Your task:
Among the lines of the listing below, retype exactly those from the one containing "1998-12-31 Hong Kong" through the one containing "colorful_ecclectic_vibrant_vista_rainbow_quirky_wedding010.jpg", both included. Do not include pictures.

Listed records:

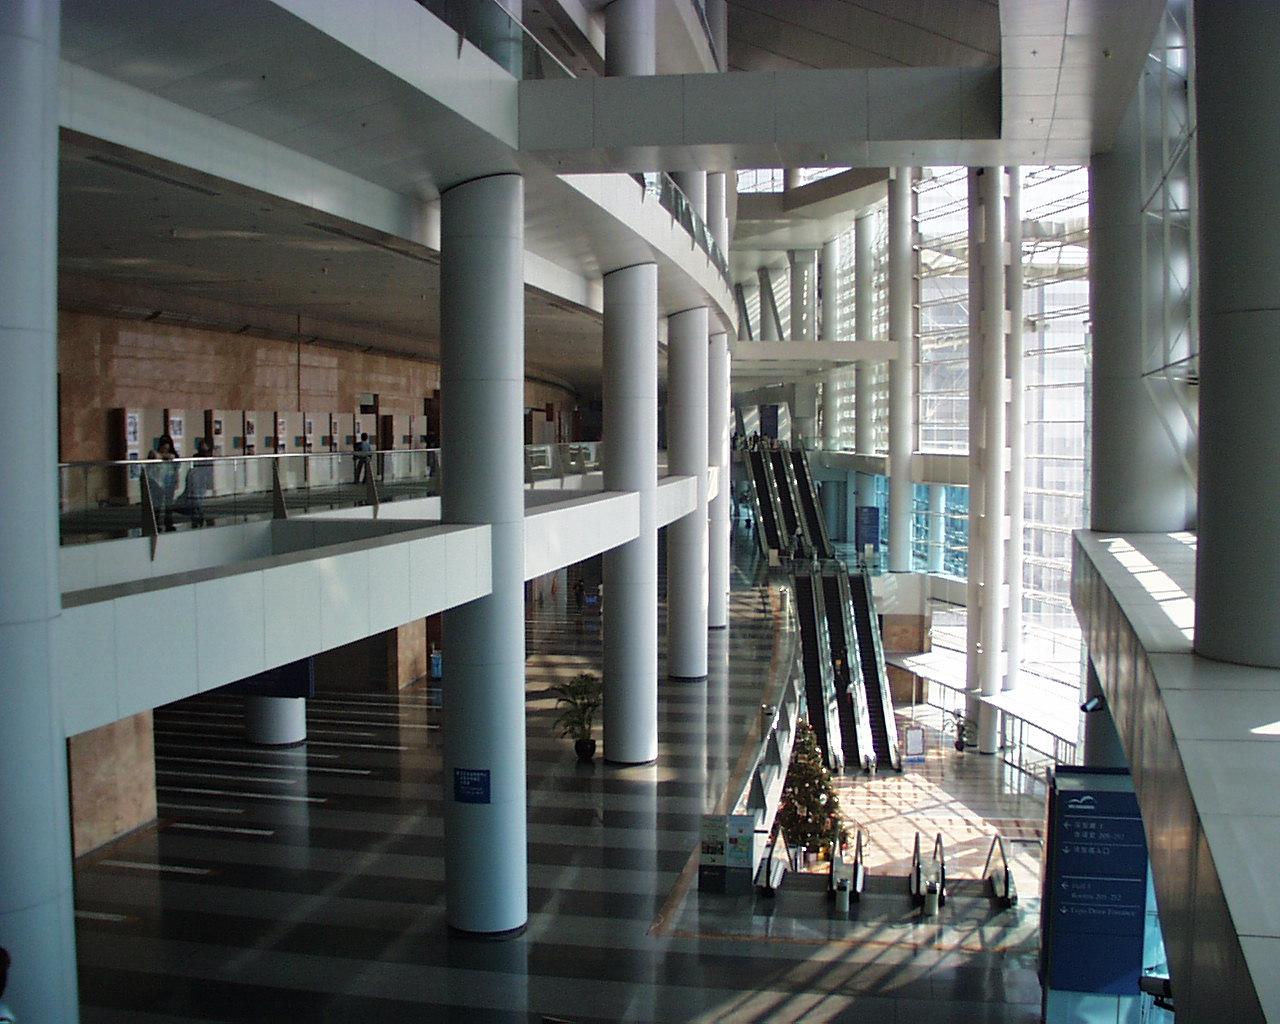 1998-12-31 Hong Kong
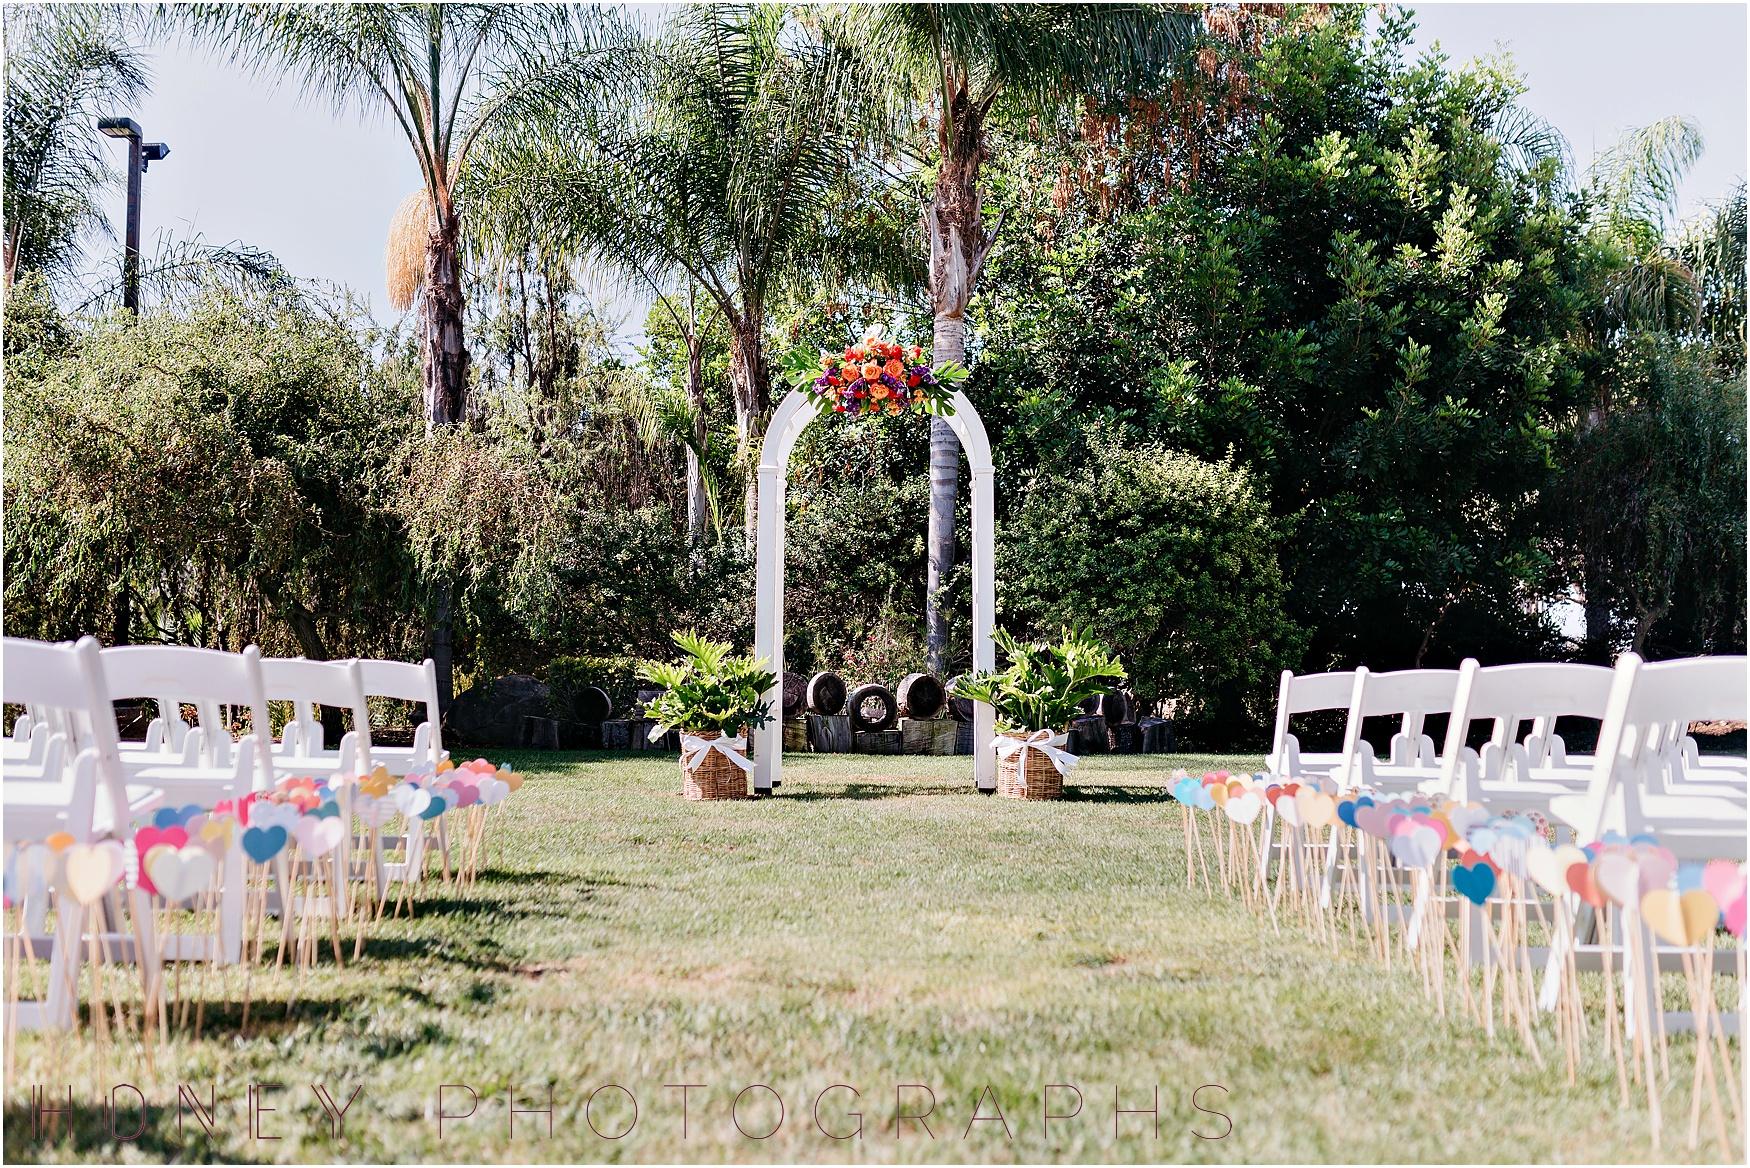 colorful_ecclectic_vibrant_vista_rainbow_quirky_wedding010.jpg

...

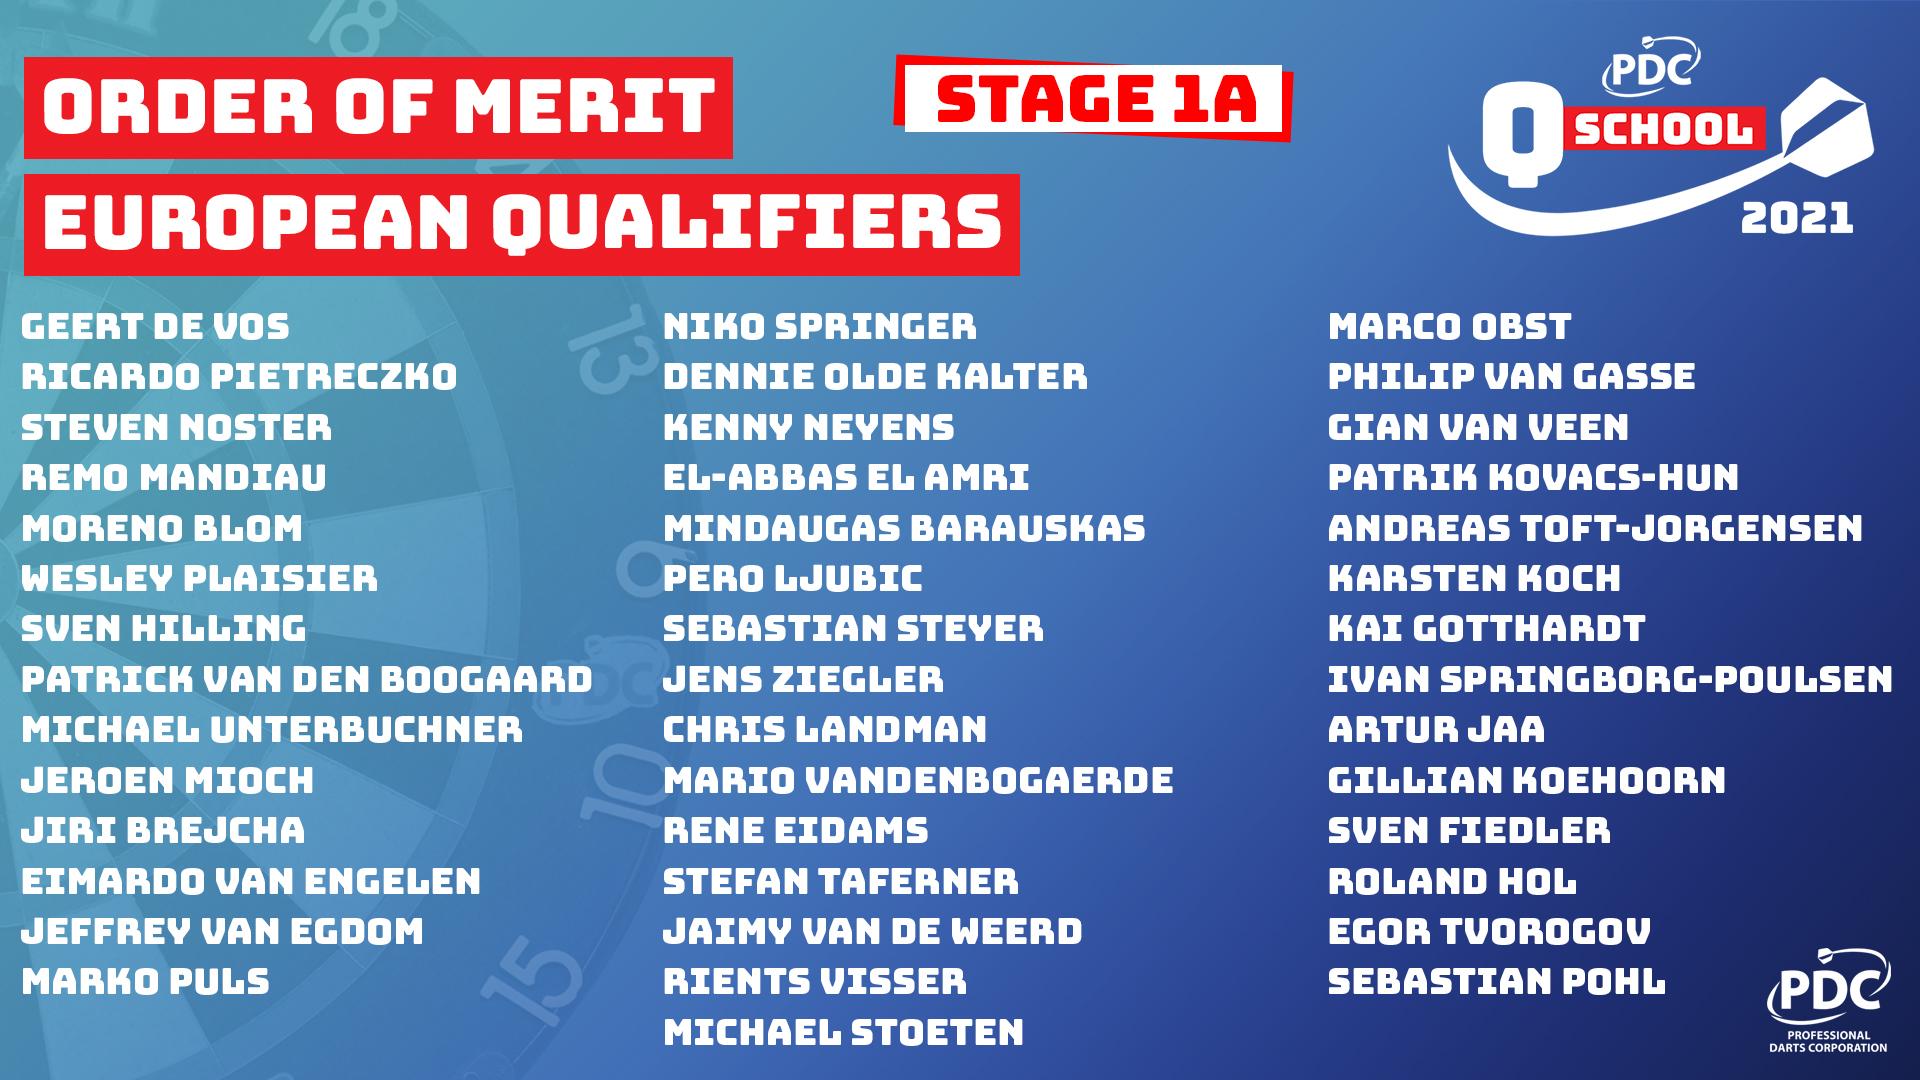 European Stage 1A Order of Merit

...

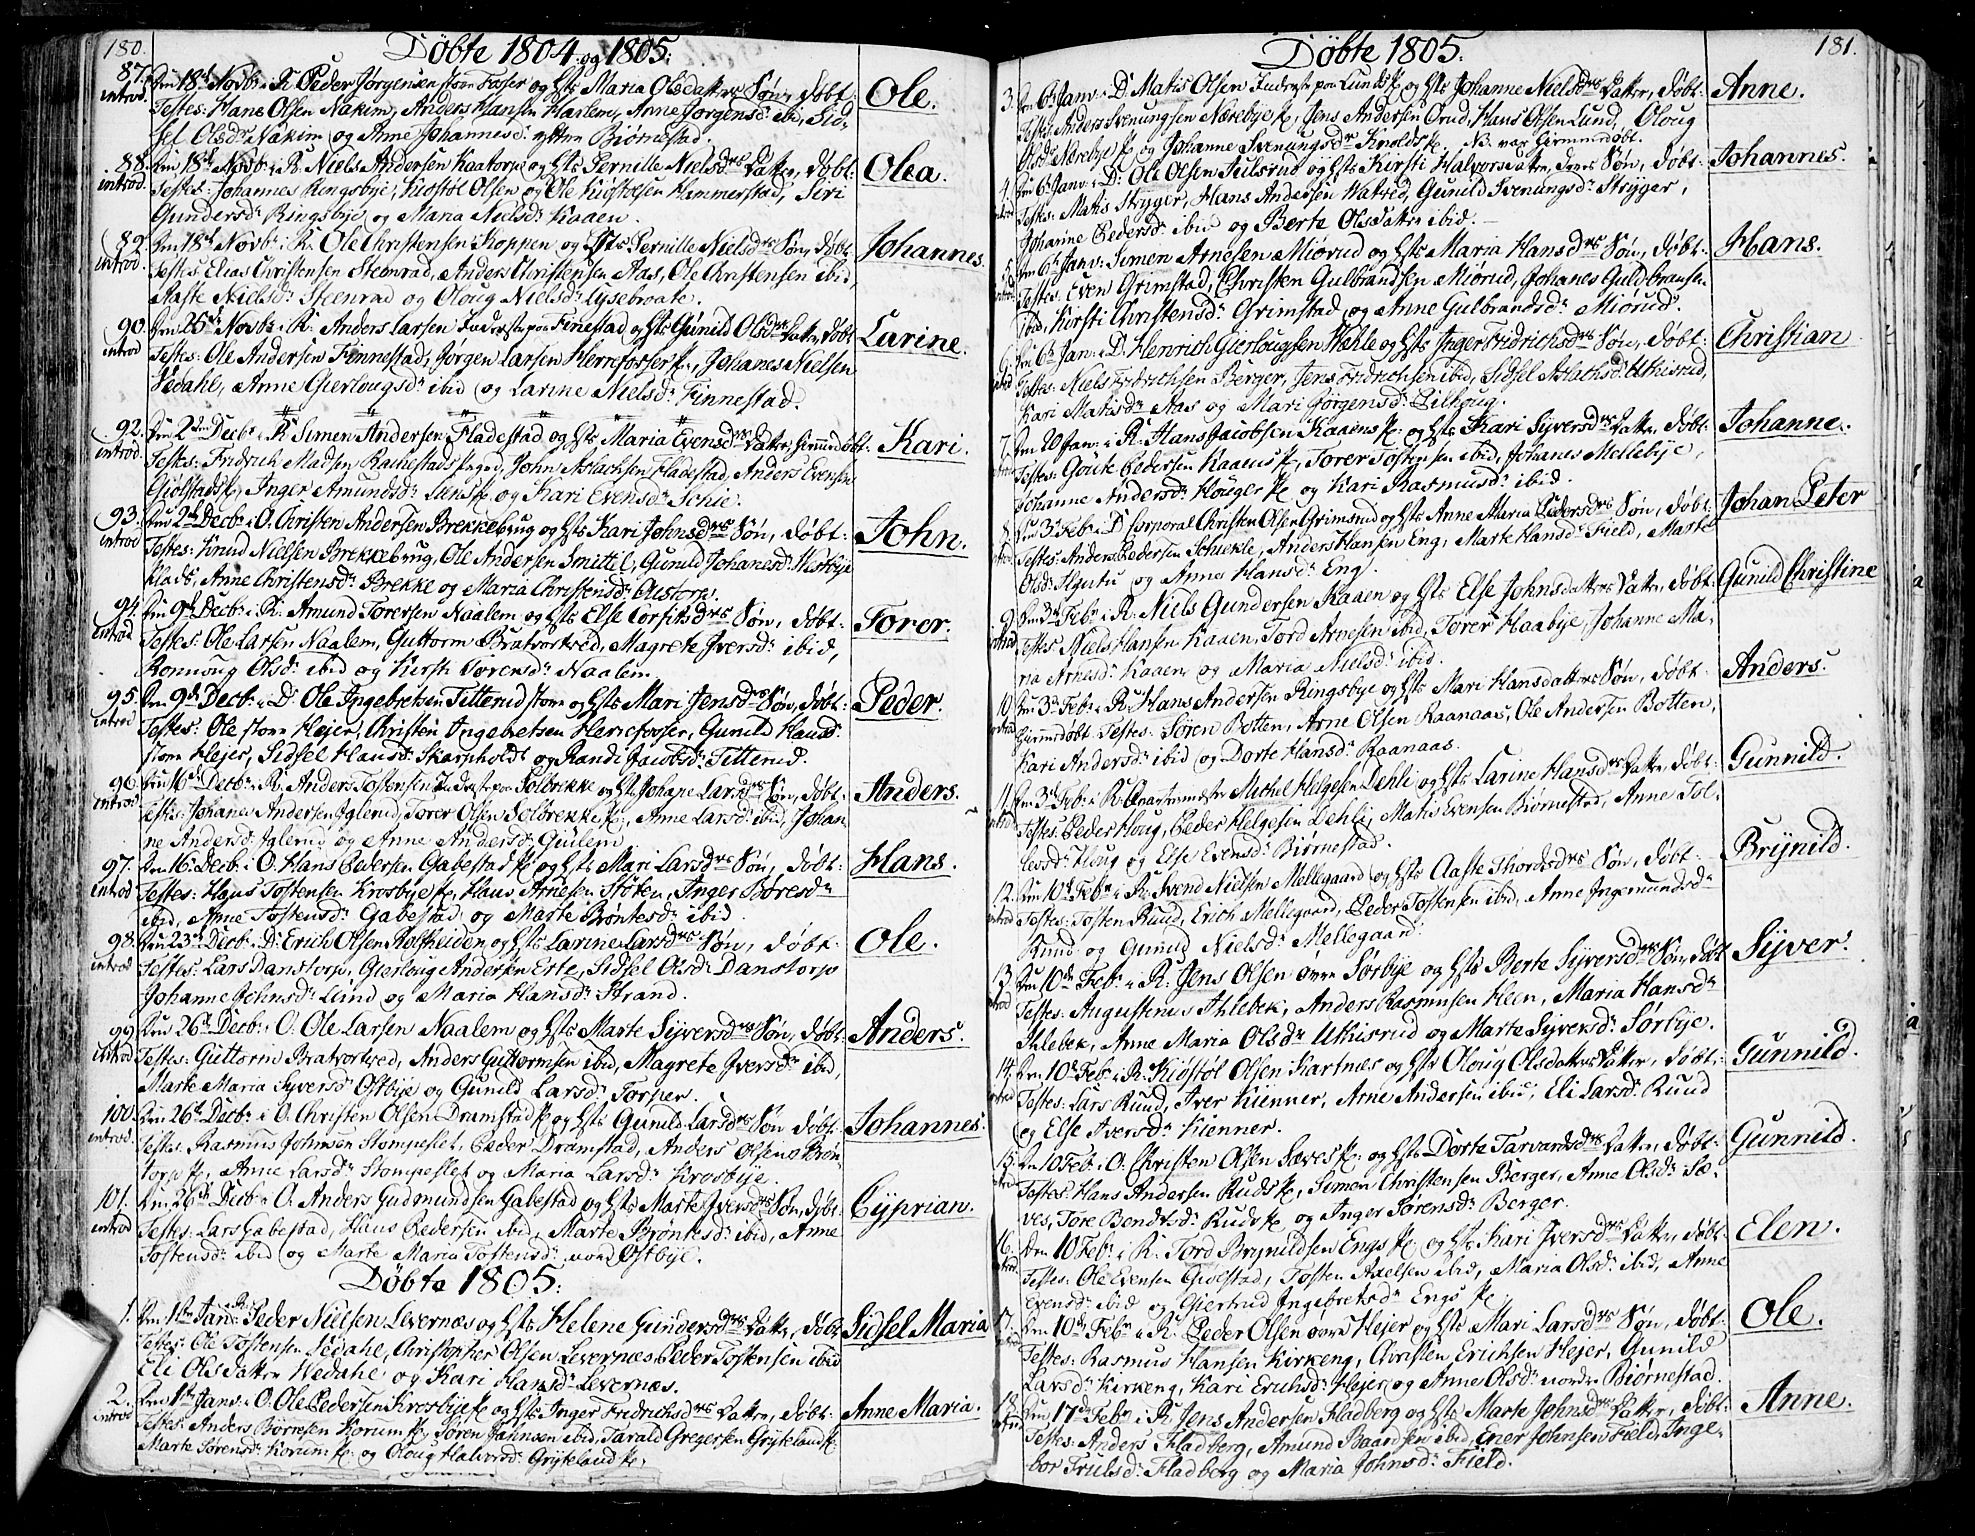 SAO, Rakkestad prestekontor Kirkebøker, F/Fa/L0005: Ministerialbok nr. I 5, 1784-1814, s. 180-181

Output of the exercise:
 1998-12-31 Hong Kong
 colorful_ecclectic_vibrant_vista_rainbow_quirky_wedding010.jpg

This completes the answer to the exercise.